Segment Start: TASK INPUTS

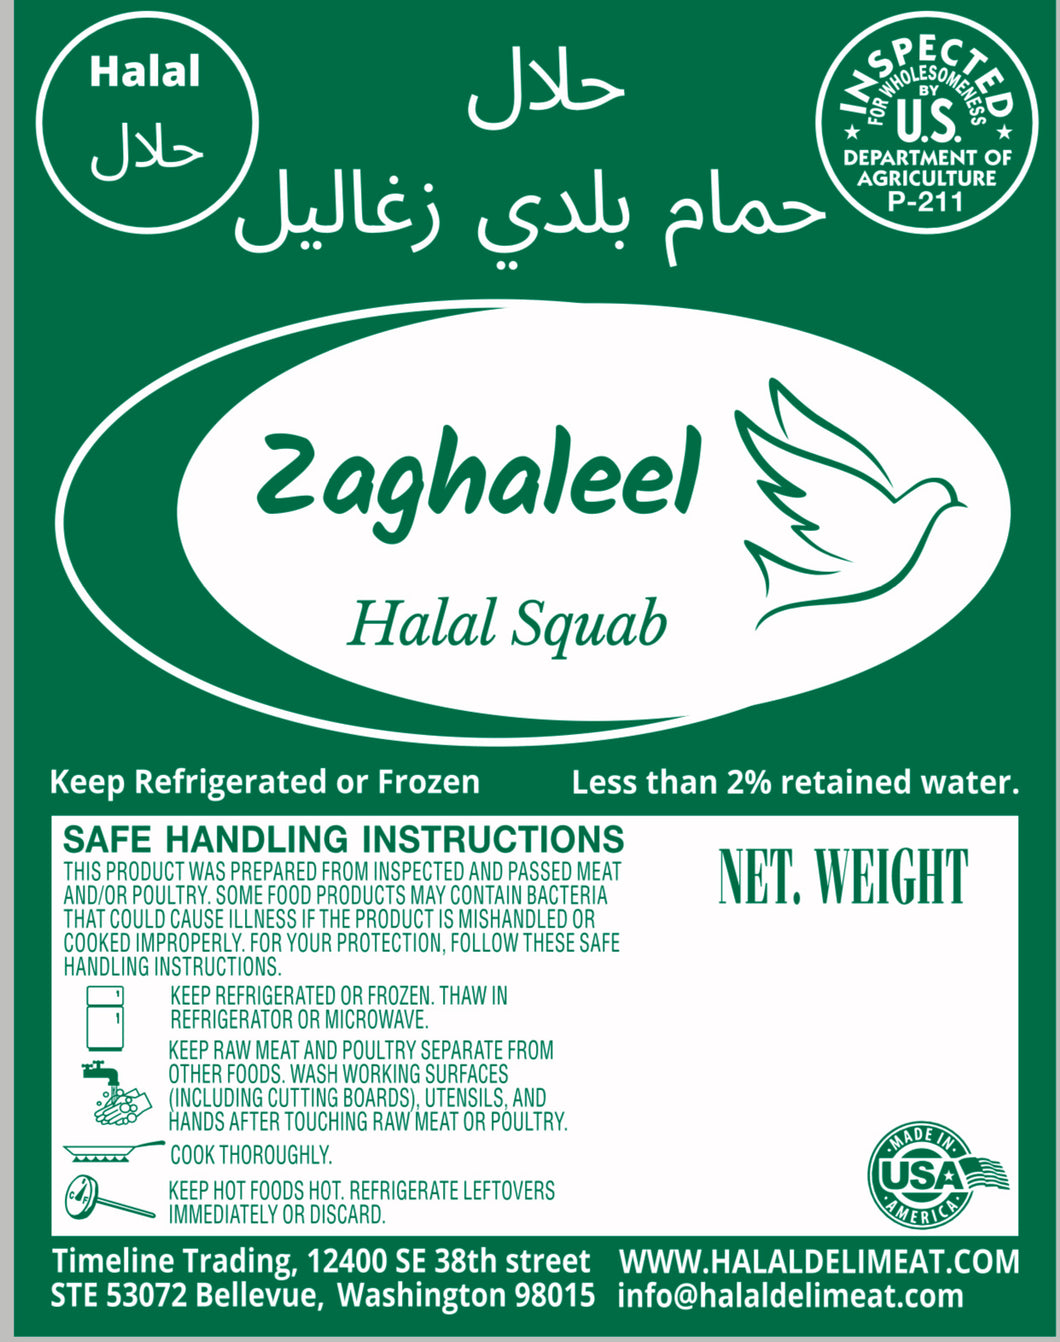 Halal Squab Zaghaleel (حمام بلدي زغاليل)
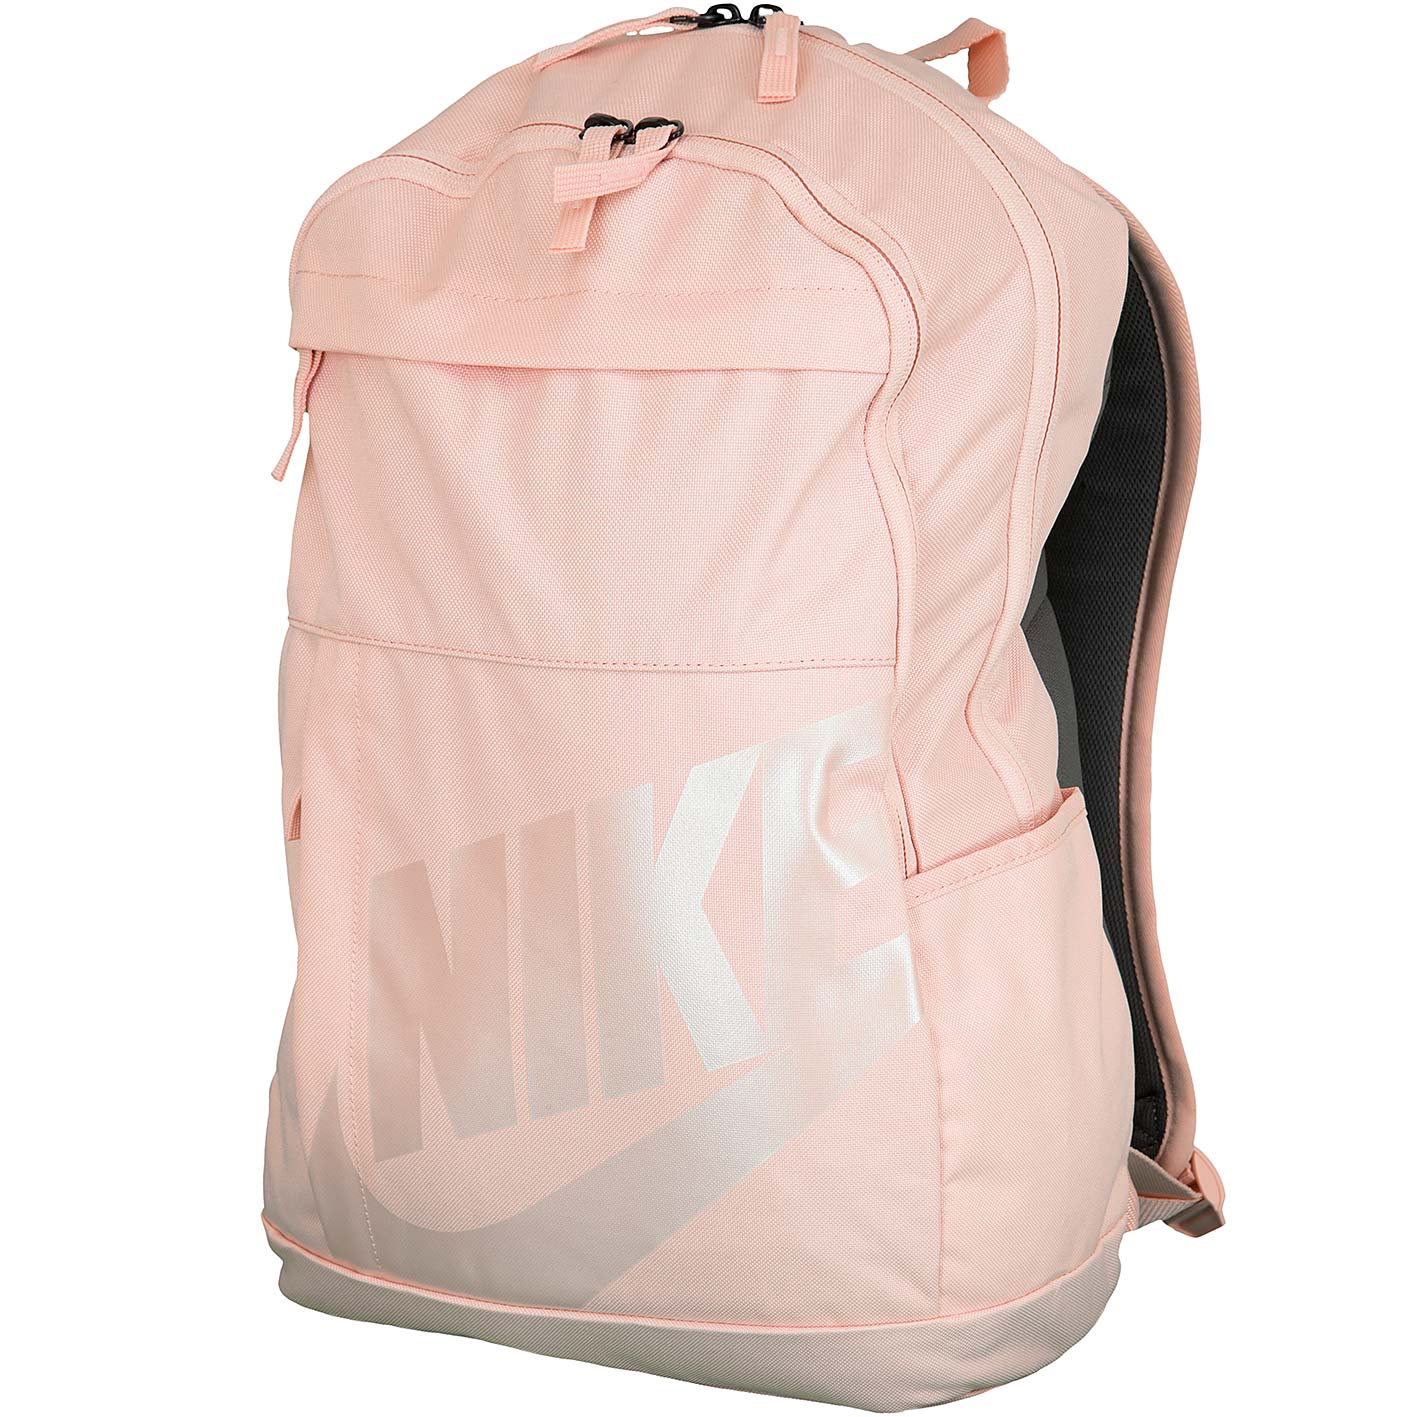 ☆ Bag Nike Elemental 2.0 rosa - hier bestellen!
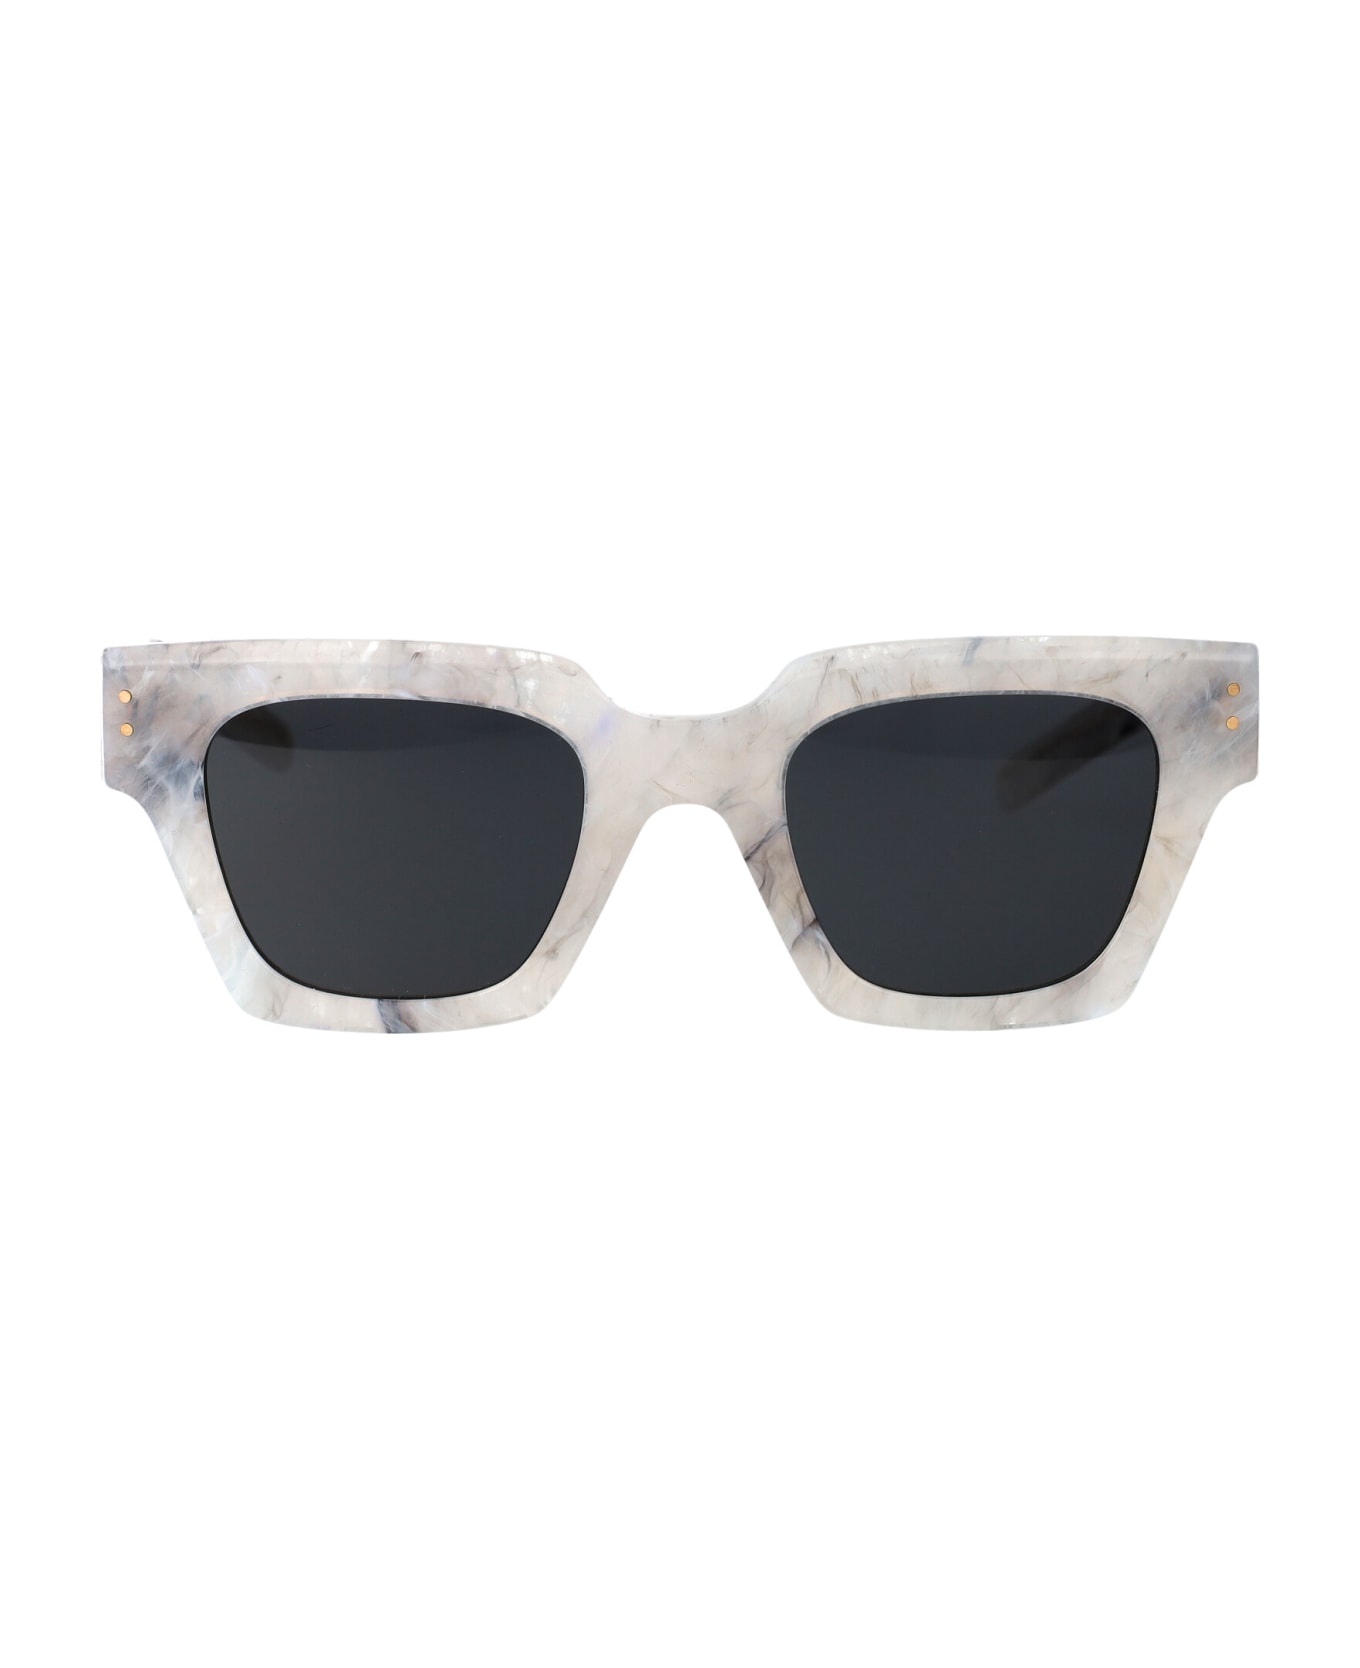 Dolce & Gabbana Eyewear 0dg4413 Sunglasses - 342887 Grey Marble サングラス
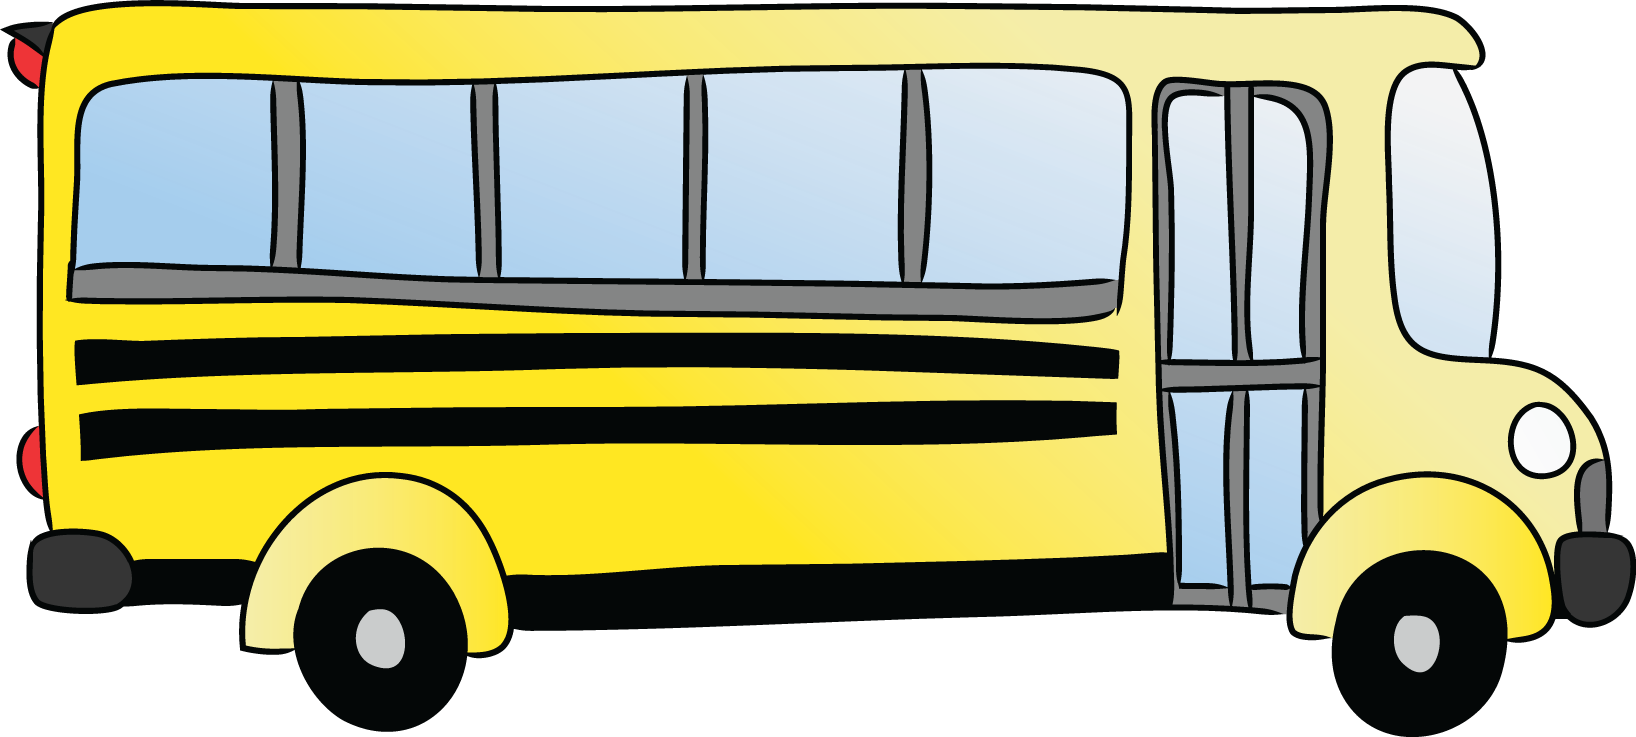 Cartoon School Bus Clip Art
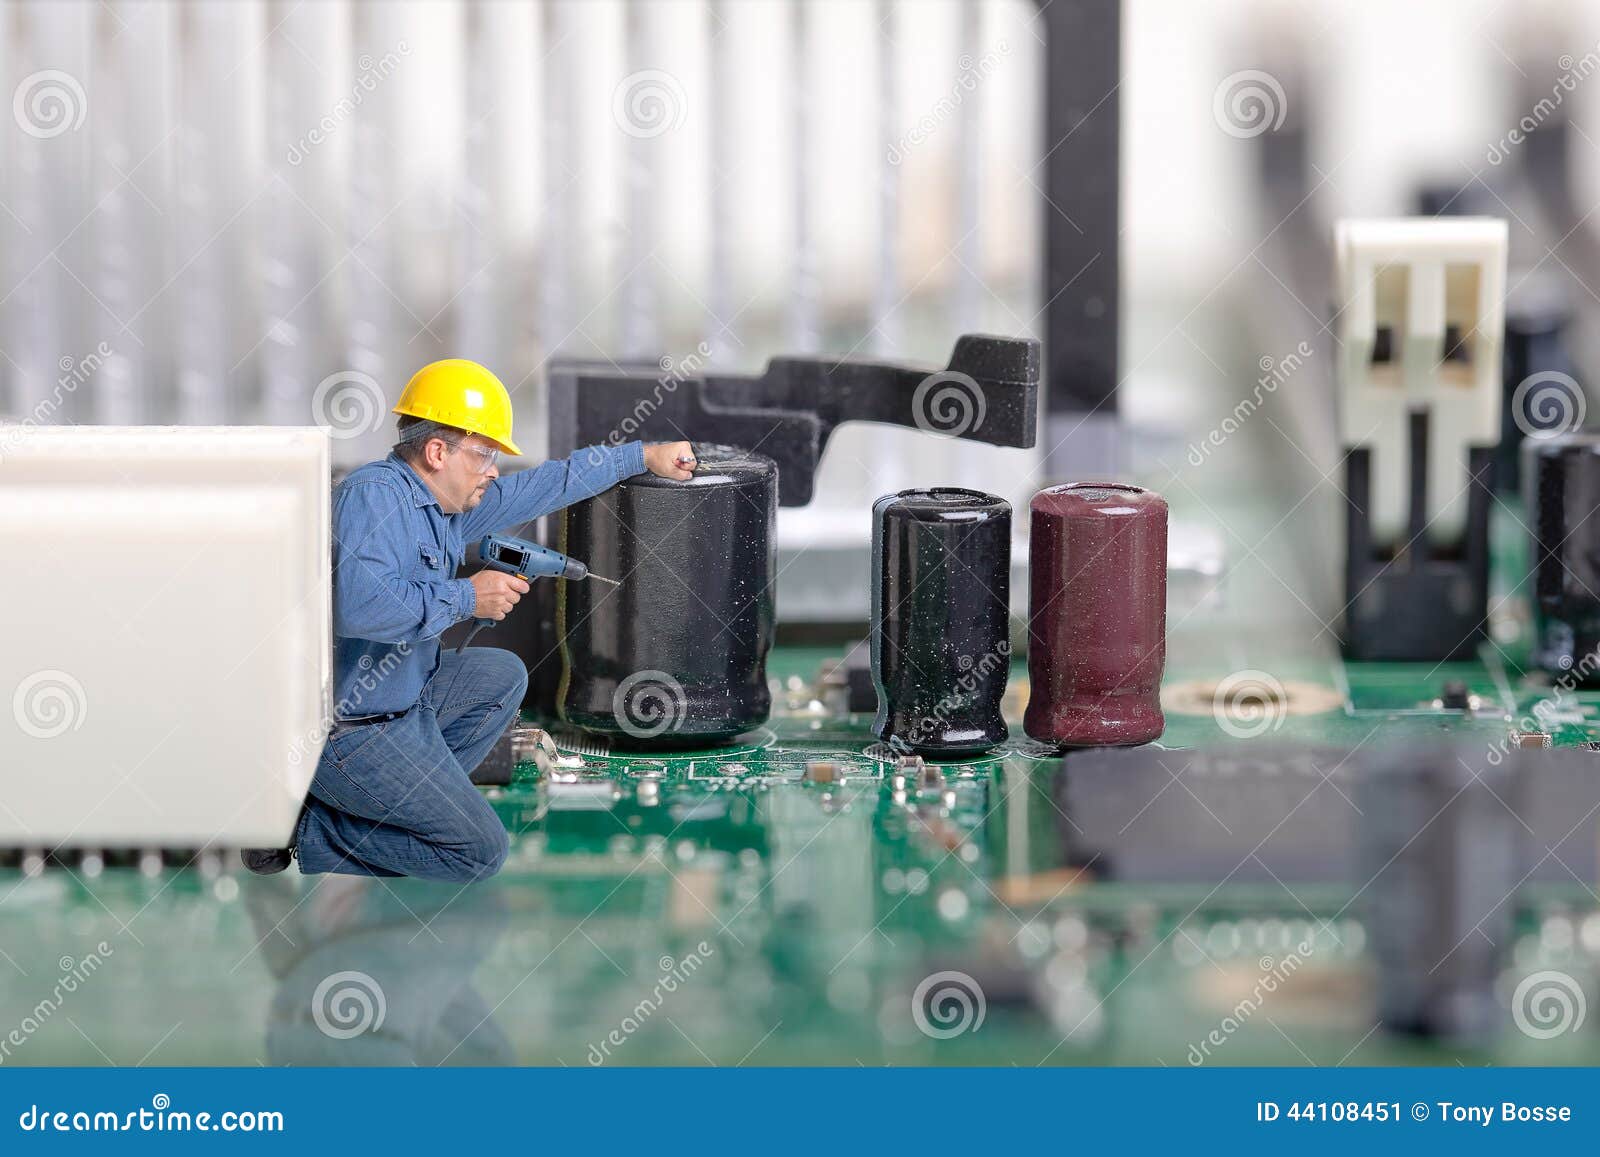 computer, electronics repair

Segment End: TASK INPUTS

### TO DO
For every line above, produce an exact transcription that omits the images.

### EXPECTED ANSWER
 Halal Squab Zaghaleel (حمام بلدي زغاليل)
 ☆ Bag Nike Elemental 2.0 rosa - hier bestellen!
 Dolce & Gabbana Eyewear 0dg4413 Sunglasses - 342887 Grey Marble サングラス
 Cartoon School Bus Clip Art
 computer, electronics repair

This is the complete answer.